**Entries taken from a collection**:
┄┄┄┄┄┄┄┄┄┄┄┄┄┄┄┄┄┄┄┄

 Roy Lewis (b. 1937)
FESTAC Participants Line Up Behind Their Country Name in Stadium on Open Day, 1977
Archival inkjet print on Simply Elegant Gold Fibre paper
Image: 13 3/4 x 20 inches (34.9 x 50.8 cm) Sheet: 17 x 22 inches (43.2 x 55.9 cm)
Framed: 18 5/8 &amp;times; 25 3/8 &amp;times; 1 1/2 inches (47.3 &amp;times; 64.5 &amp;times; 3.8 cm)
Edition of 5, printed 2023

┄┄┄┄┄┄┄┄┄┄┄┄┄┄┄┄┄┄┄┄

Repeat the full set of records above character for character.

**Output**:
 Roy Lewis (b. 1937)
FESTAC Participants Line Up Behind Their Country Name in Stadium on Open Day, 1977
Archival inkjet print on Simply Elegant Gold Fibre paper
Image: 13 3/4 x 20 inches (34.9 x 50.8 cm) Sheet: 17 x 22 inches (43.2 x 55.9 cm)
Framed: 18 5/8 &amp;times; 25 3/8 &amp;times; 1 1/2 inches (47.3 &amp;times; 64.5 &amp;times; 3.8 cm)
Edition of 5, printed 2023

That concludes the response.